Bioinformatics tools such as InterProScan, Blast2GO and EnTAP (to name a few) provide the mapping of genes to controlled vocabulary terms, but creating the list of all terms in a vocabulary is still needed prior to enrichment. FUNC-E makes it easy to generate these for common vocabularies such as the Gene Ontology (GO), KEGG (KEGG) and InterPro (IPR).

To use the FUNC-E API to build a list of vocabularies, you must first import the package into your code:

import func_e.vocabs.all as vocabs

To generate a Pandas DataFrame of vocabulary terms from GO, KEGG and IPR use the following function call:

terms = vocabs.getTerms(['GO', 'KEGG', 'IPR'])

Manually Create It

If you are using terms from vocabularies other than GO, KEGG or InterPro, then you must provide the list of terms in a Pandas Dataframe. The columns of this dataframe must match the terms file described above. The column headers must include ID_Space, Vocabulary, Term, Name, Definition.

Provide Features to Term mapping

Next, you must create a Pandas DataFrame that assigns the feature (e.g., gene, transcript or protein) to terms. The terms must be present in the terms DataFrame created in the previous step. The column headers must be Feature and Term.
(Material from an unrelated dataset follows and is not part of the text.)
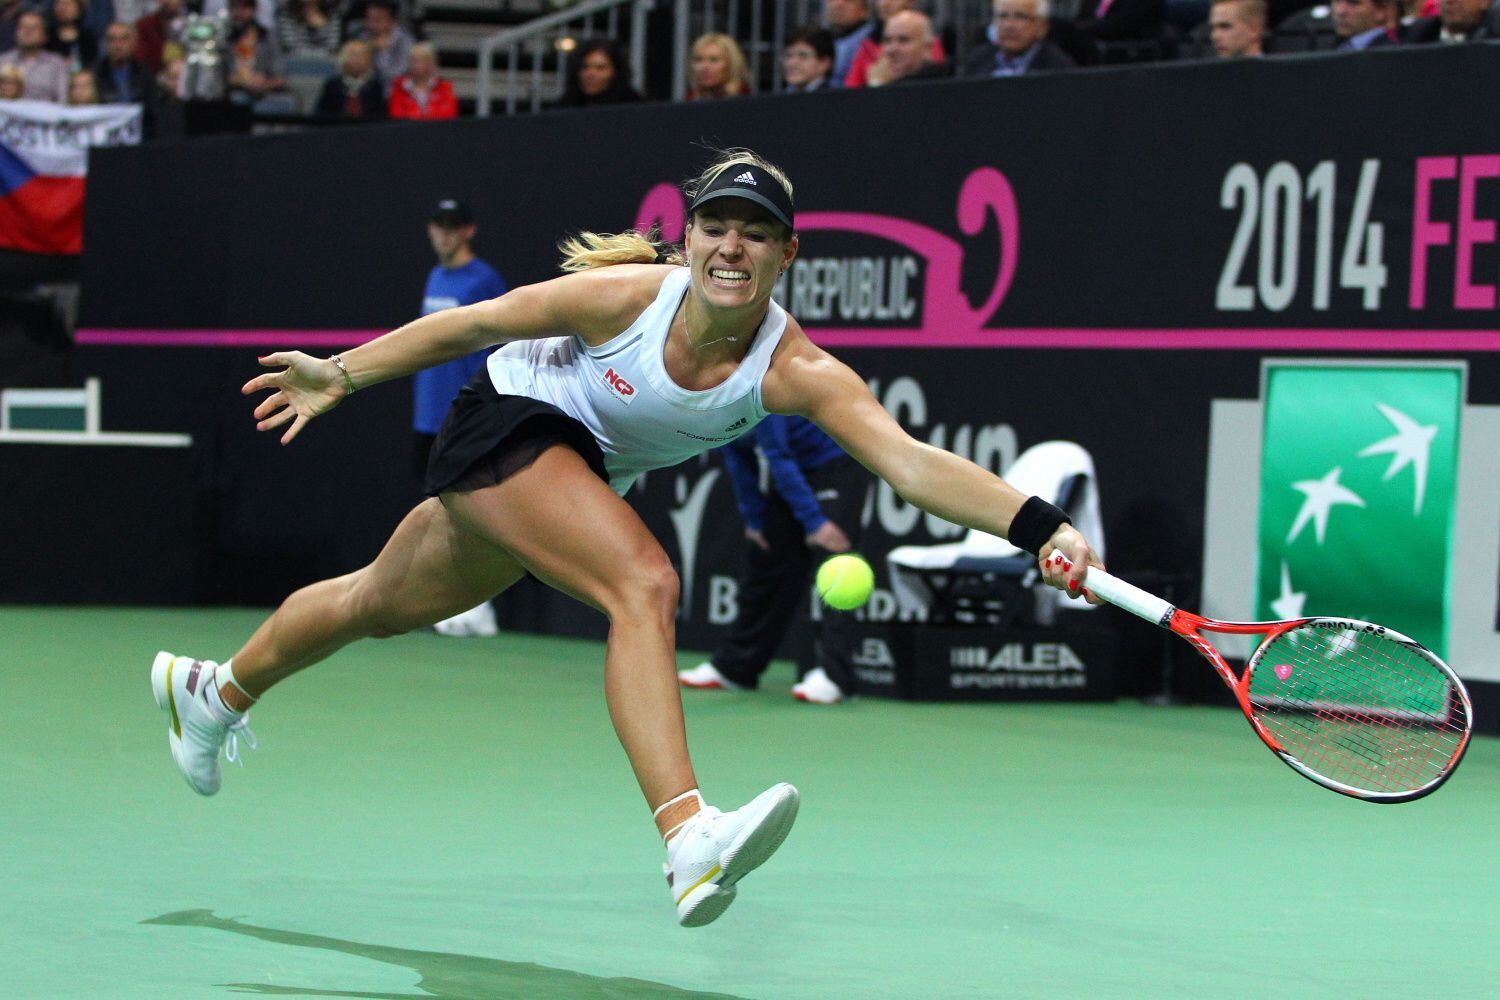 Finále Fed Cupu 2014: Angelique Kerberová v zápase s Lucii Šafářovou

Perform Functional Enrichment Analysis

To perform functional enrichment using the FUNC-E API start by importing the FUNC_E class module:

from func_e.FUNC_E import FUNC_E

Next, instantiating a new FUNC_E object.

fe = FUNC_E()

Next, you need to set the p-value cutoff for enrichment testing:

fe.setEnrichmentSettings({
    'ecut': 0.01
})

If you desire, you can change the clustering default settings as well:

fe.setClusteringSettings({
    'similarity_term_overlap': 3,
    'percent_similarity': 0.50,
    'initial_group_membership': 3,
    'multiple_linkage_threshold': 0.50,
    'final_group_membership':  3,
    'similarity_threshold': 0.5
})

The settings have the following meaning:

  • similarity_threshold: This value is used to threshold the kappa scores. Pair-wise kappa scores are calculated for all genes. Kappa scores range between -1 to 1 and provide a measurement as to the similarity of annotations between two genes. Kappa scores greater than this value are considered meaningful and only those gene pairs with scores greater than this threshold are clustered. The default value if not specified is 0.35.
  • similarity_term_overlap: Before kappa statistics are calculated two genes must share a specified number of terms. This parameter sets that minimum value. The default is 4.
  • percent_similarity: Before clustering, seed groups are created, and when creating seed groups we want high quality groups. Therefore, the members of the seed groups must themselves share similarity with all other genes in the group greater or equal than the value specified by this parameter. The default is 0.50 (50 percent)
  • initial_group_membership: When clustering, initial seed groups are created by grouping a gene with all other genes with which it has a significant (> similarity_threshold) kappa score. This parameter sets the minimum number of genes that must exist for a group to be considered a seed group. The default value is 4.
  • multiple_linkage_threshold: After initial seed groups are formed an iterative process attempts to merge seed groups that have a specified percentage of genes in common. This parameter sets this percentage. The default is 0.50 (or seed groups must share 50 percent of genes to be merged).
  • final_group_membership: This parameter sets the minimum number of terms in a cluster after all clustering. If the cluster has fewer terms it is thrown out. The default value is 4.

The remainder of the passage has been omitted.